→ Work task: Copy, word for word, the lines below from the one containing "130mm luchtafweerkanon ks-30" up to and including the one containing "размерная таблица теплых толстовок", with pictures left out.

→ Records to use:
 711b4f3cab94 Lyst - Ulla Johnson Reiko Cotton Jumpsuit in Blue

==

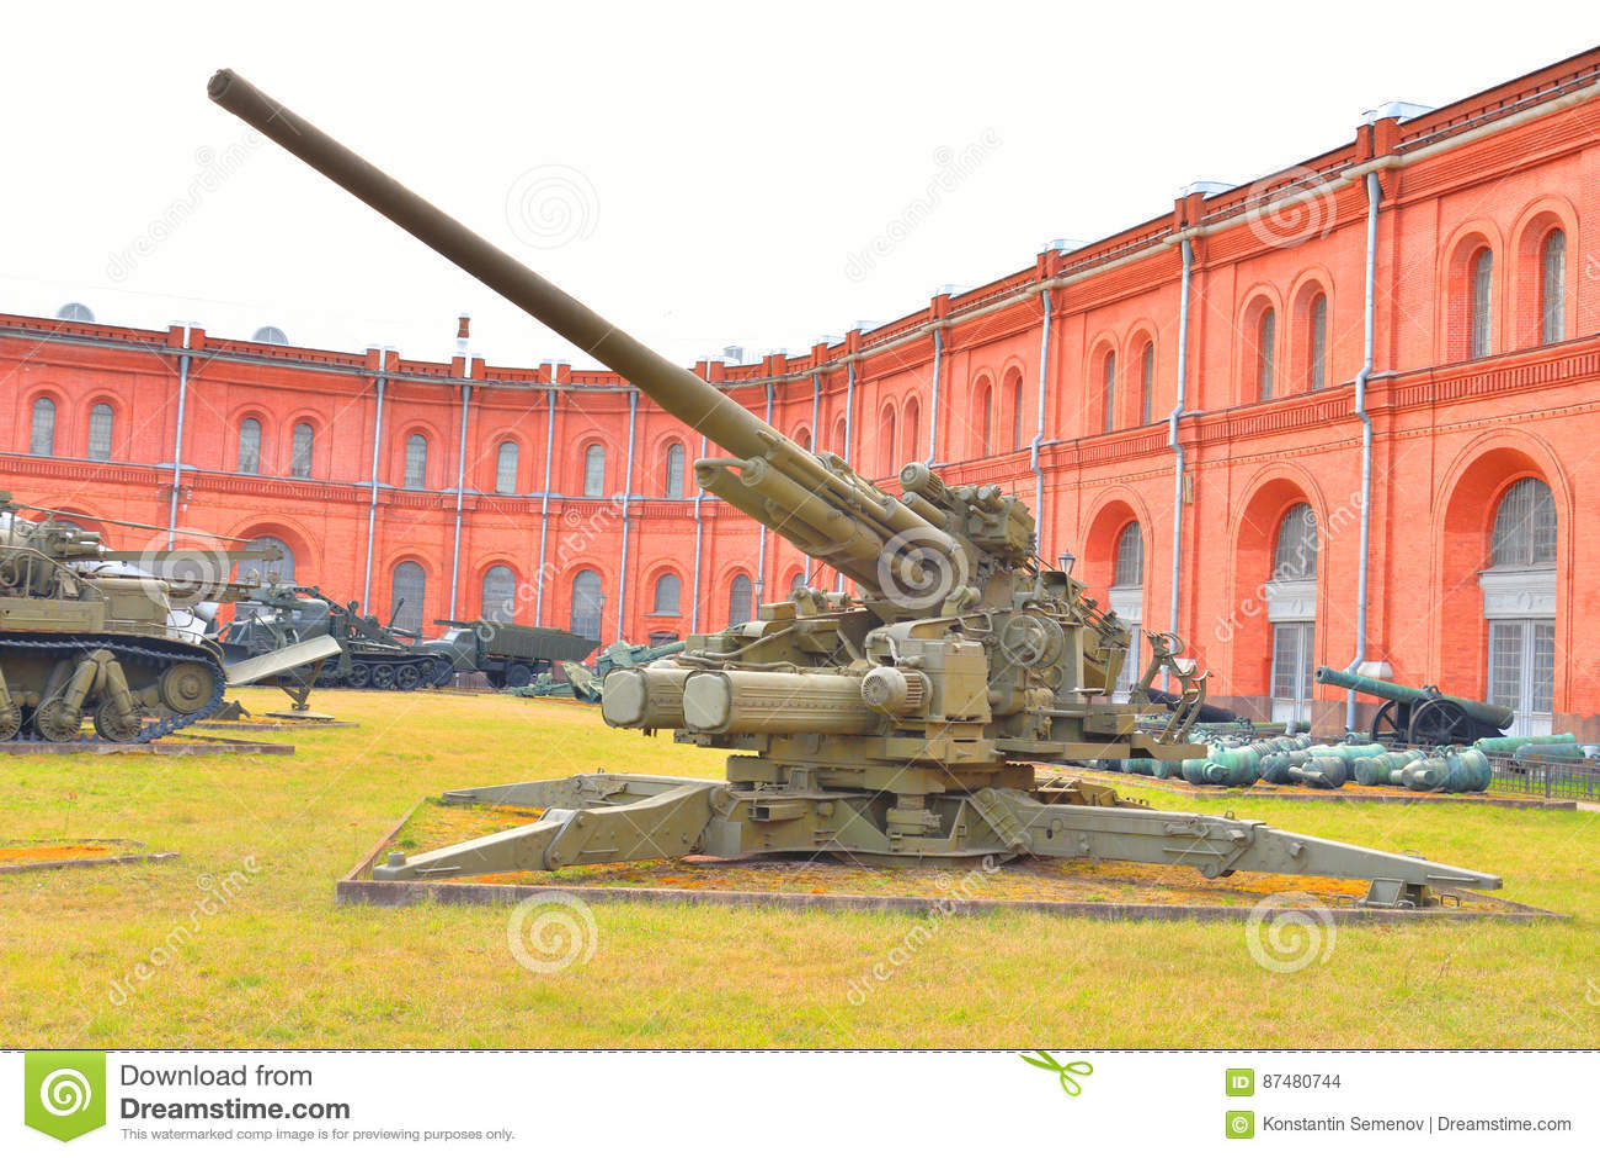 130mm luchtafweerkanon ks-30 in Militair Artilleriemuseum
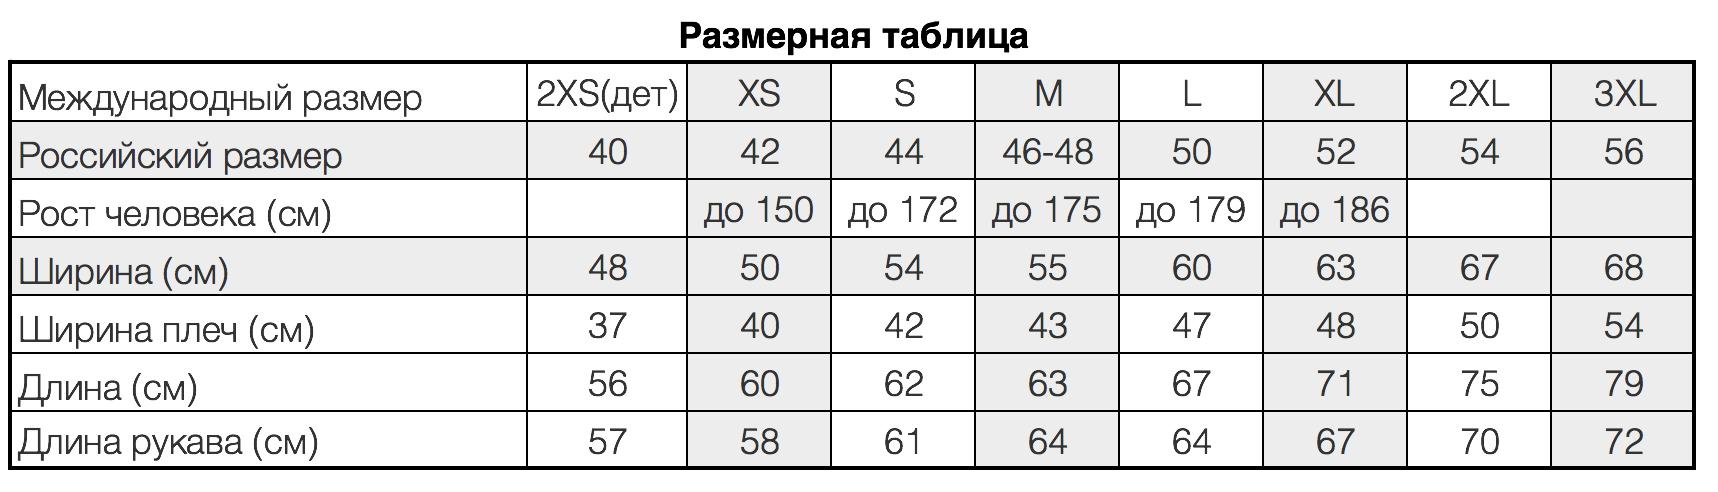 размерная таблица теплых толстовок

→ Task response:
 130mm luchtafweerkanon ks-30 in Militair Artilleriemuseum
 размерная таблица теплых толстовок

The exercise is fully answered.